Much like any other part of the economy, ticket scalping is just an extension of the laws of supply and demand, and when those staging an event can’t meet those economic realities, third parties are more than not happy to step in and fulfil our needs.

This is why some promoters in the United States have begun experimenting with the age-old method of selling tickets to an event for a set price, instead adopting a model closer to that of modern airlines where almost no-one on the same flight has paid the same price for a ticket.

The airlines change the pricing of tickets daily, sometimes hourly, in anticipation of demand and other economic factors affecting the price of a flight. Why shouldn’t a concert be any different? After all, isn’t this the role that ticket scalpers play, by showing us the true value of the tickets we’re purchasing?

Sometimes the promoters get it wrong. Sometimes tickets are far too expensive, and when that happens we all benefit because scalpers end up selling their tickets for less than they’re worth. Sometimes enough of us are willing to pay far more than the promoter is selling the tickets for, and that’s ok too.
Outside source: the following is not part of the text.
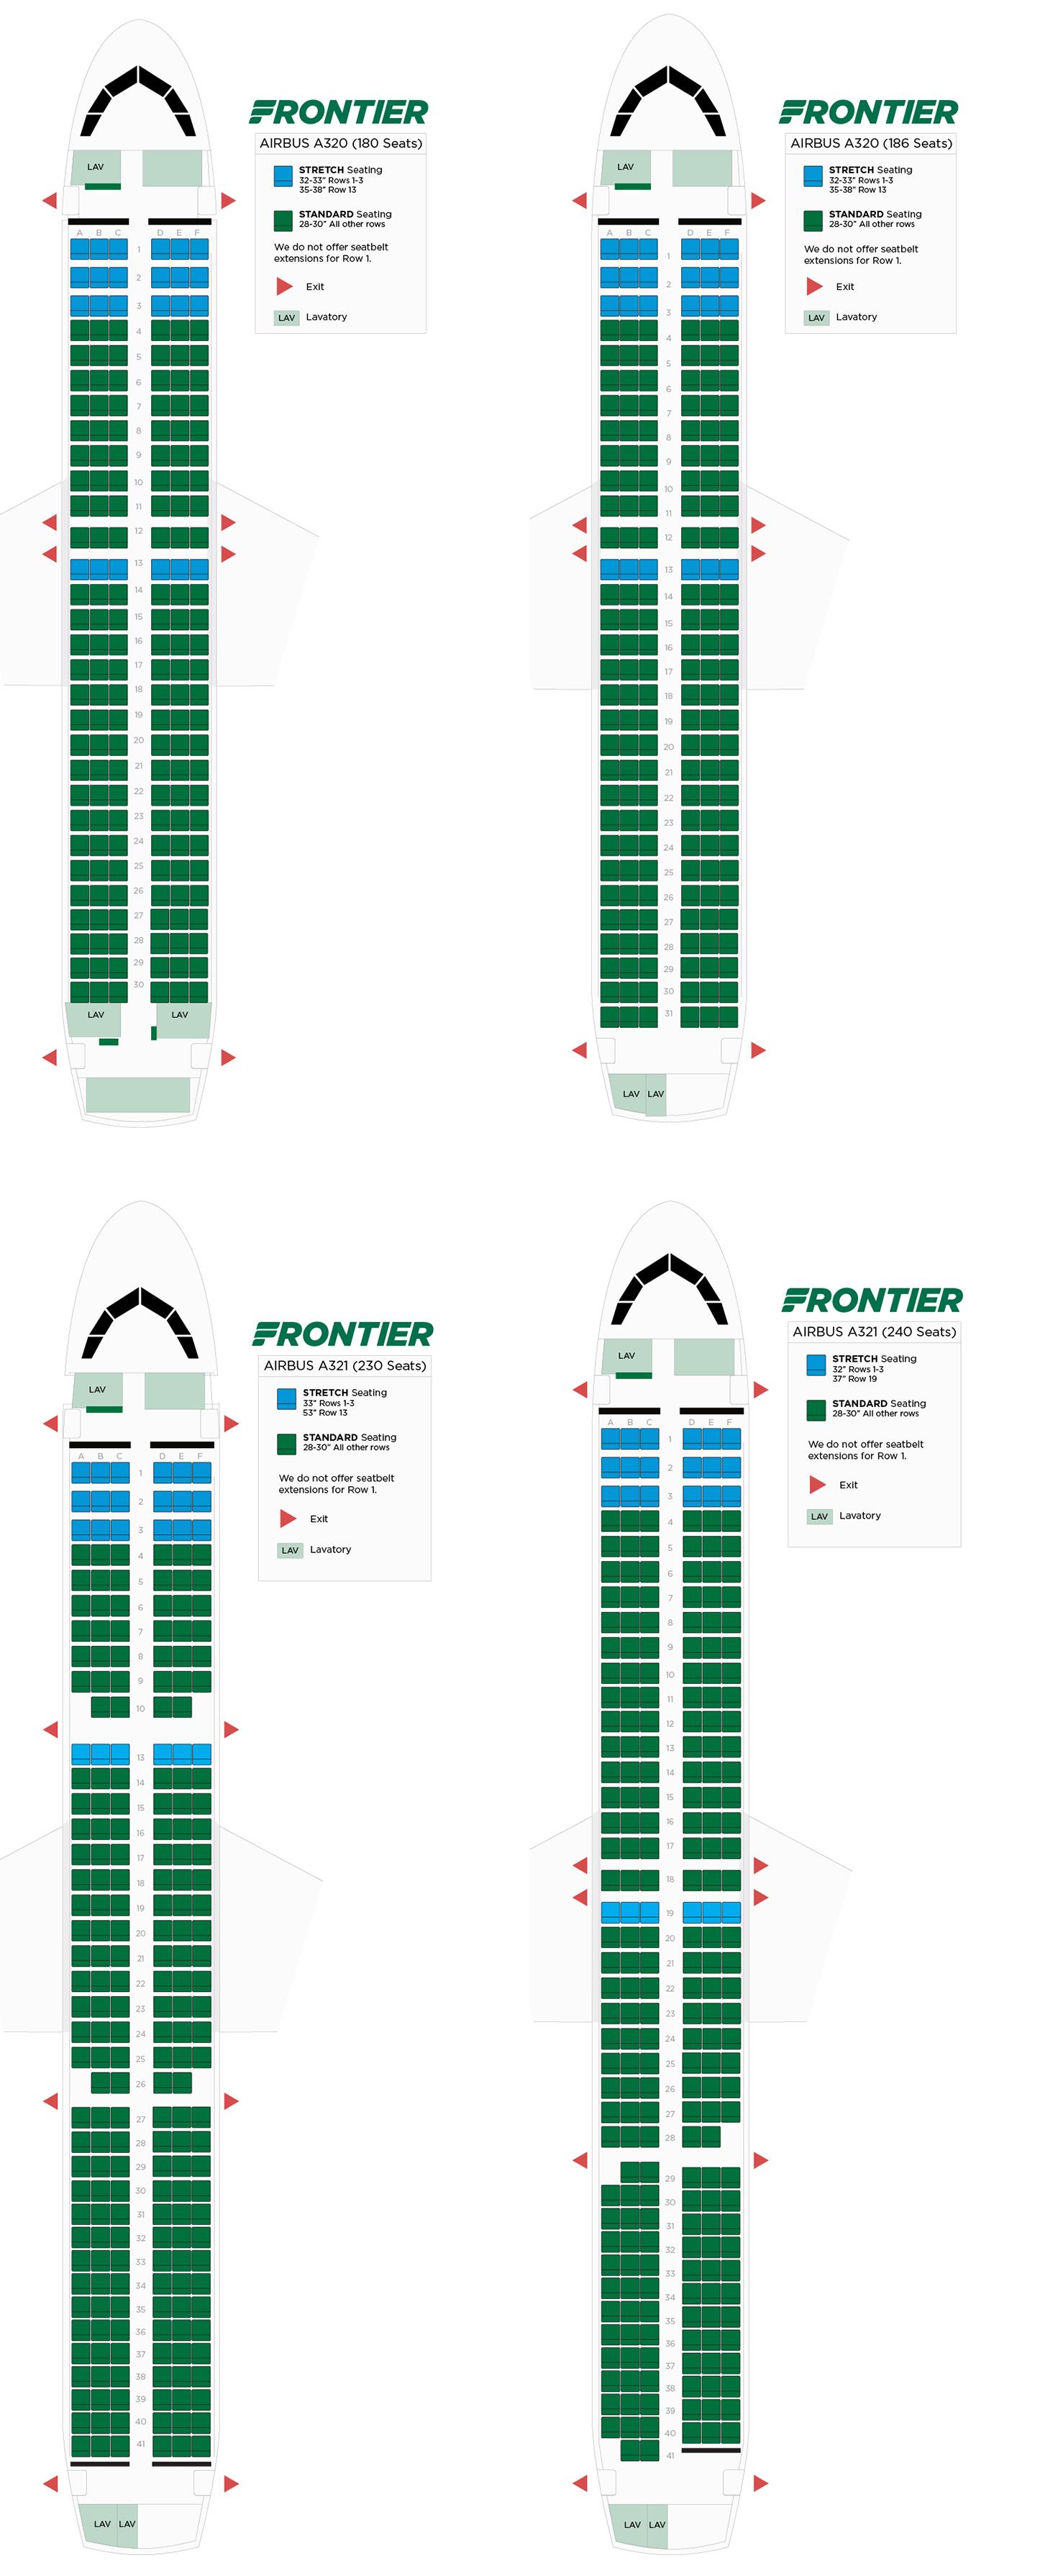 seat assignments frontier airlines
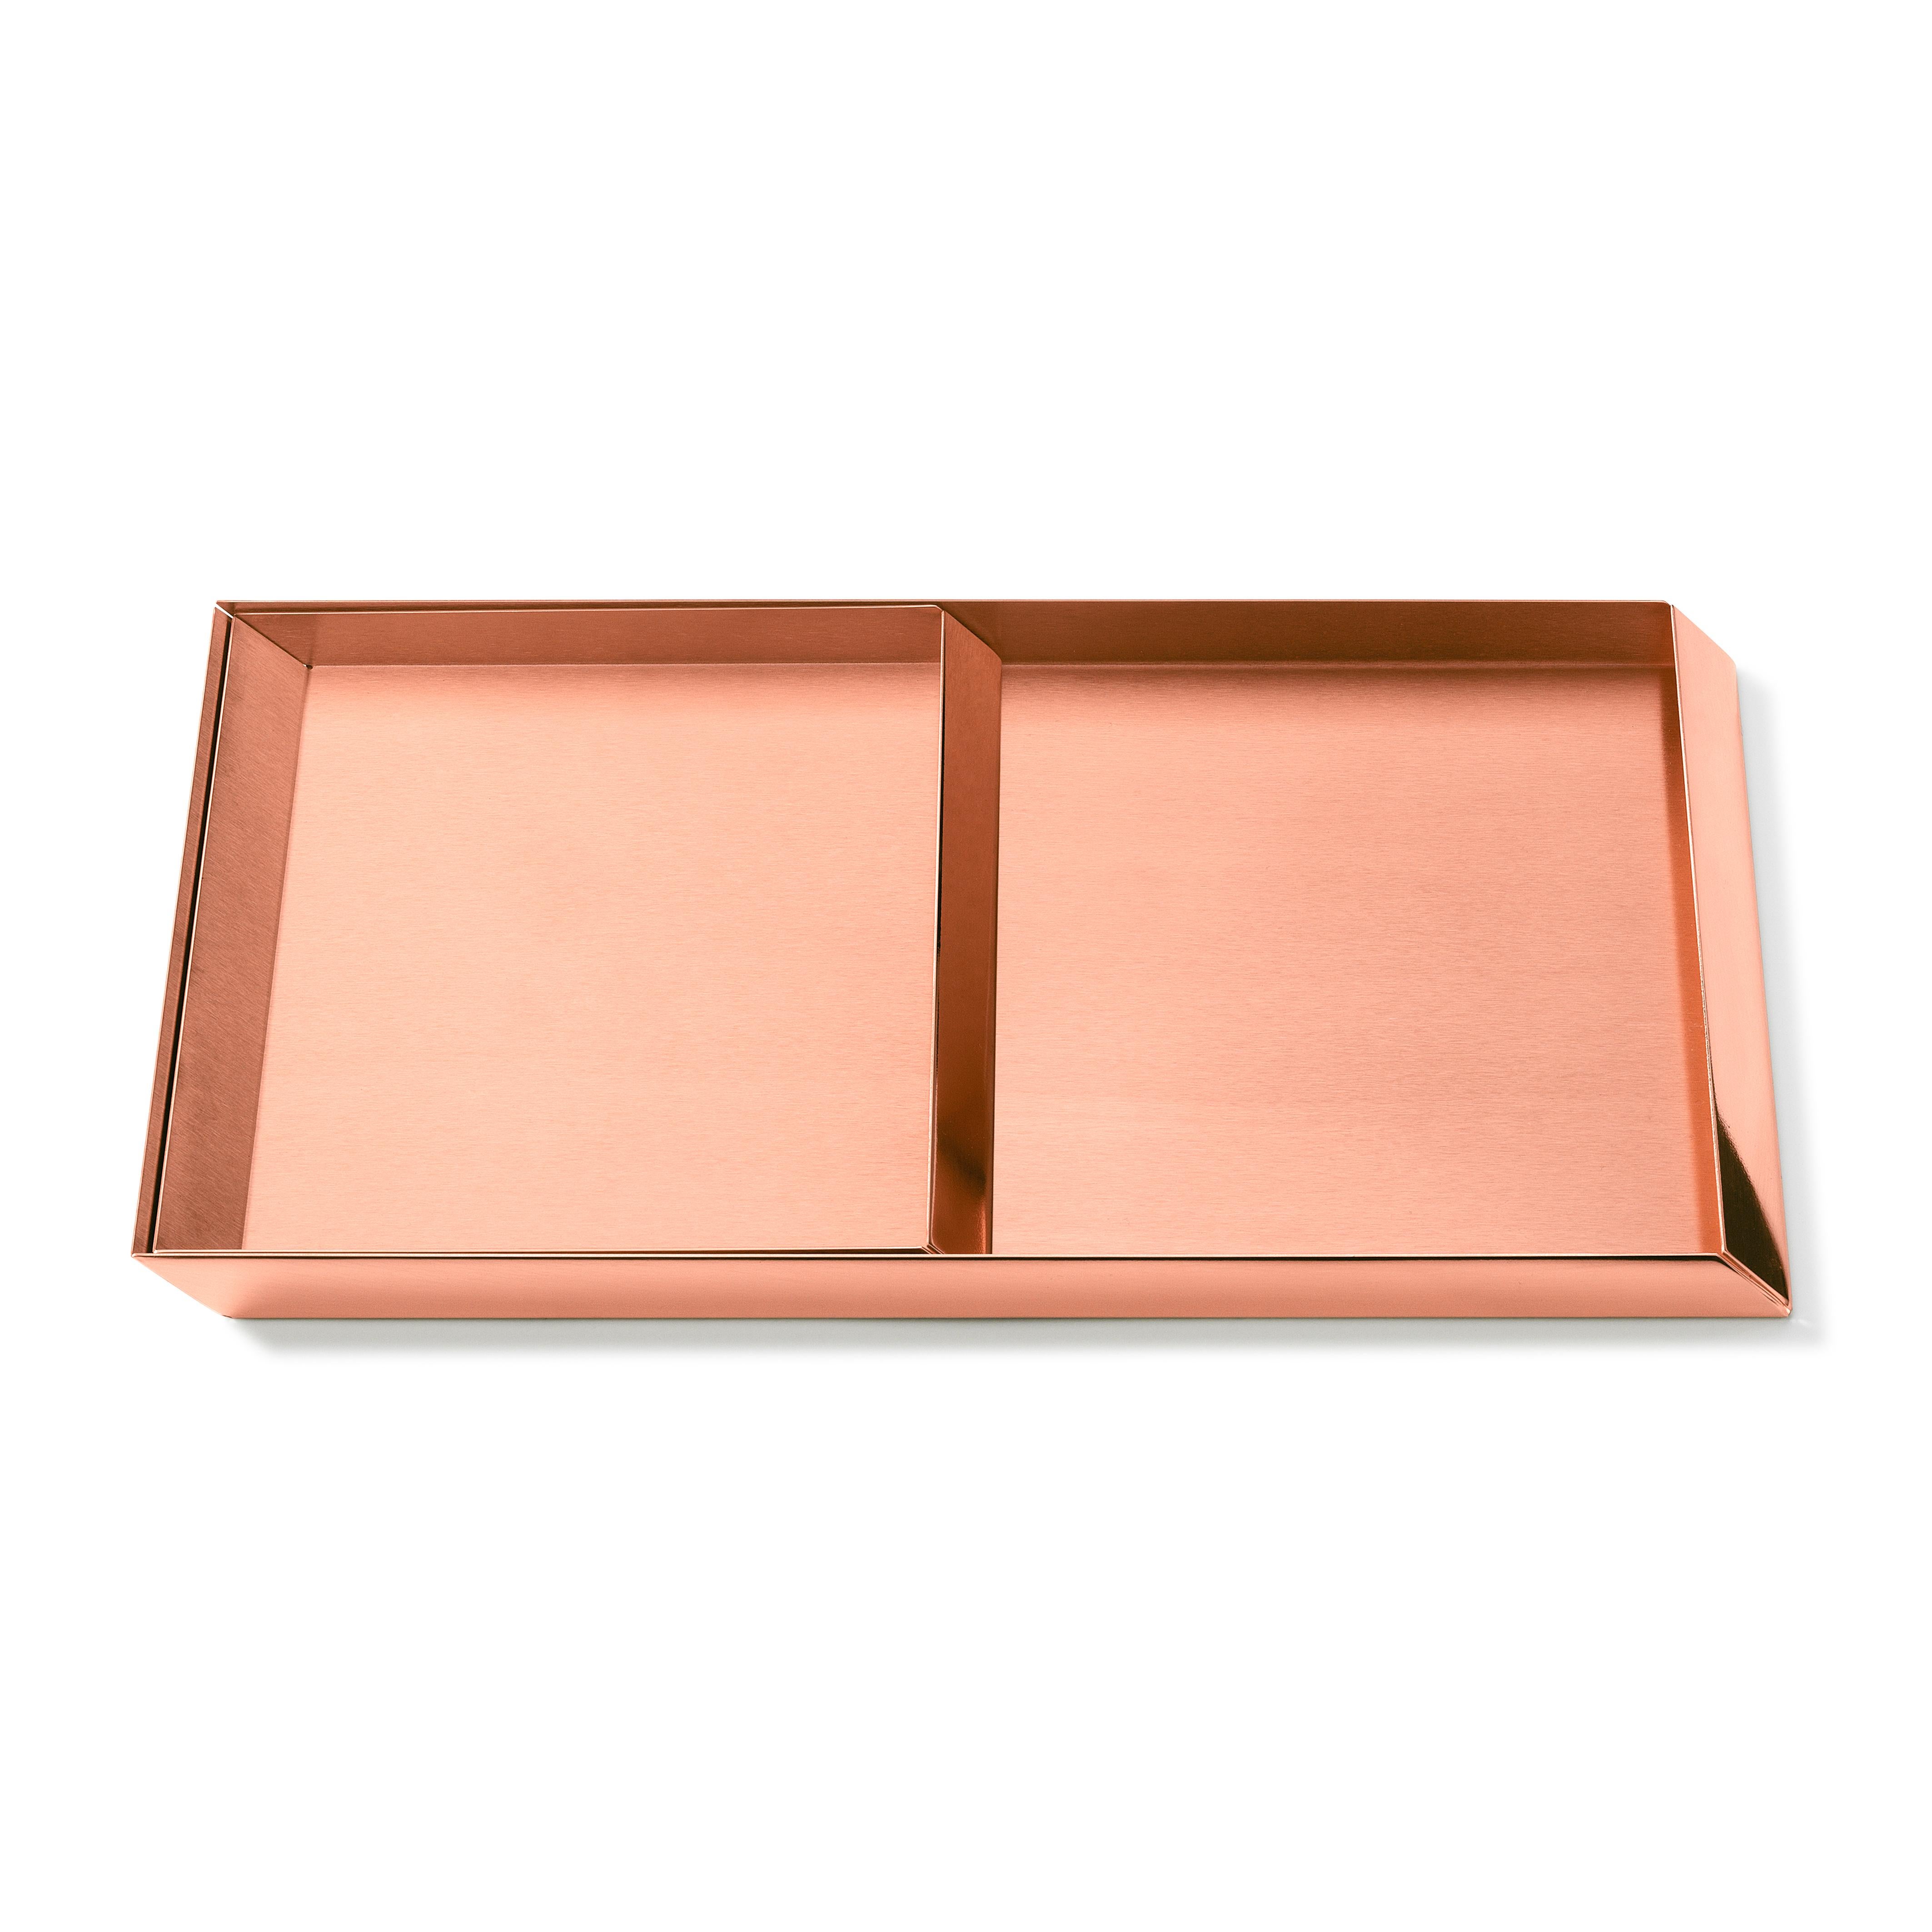 Modern Set of 2 Ghidini 1961 Axonometry Trays in Copper by Elisa Giovanni For Sale

Because the idea that a ticket to a concert is worth the same amount to each fan is obviously wrong, some will value that ticket far more than others. Until the industry steps in and addresses these very real needs, a robust secondary market will continue to thrive.

Sometimes that works out nicely for both you and I. After saving $150, it’s certainly worked out well for my Dad who will now be going to The Beach Boys for Father’s Day.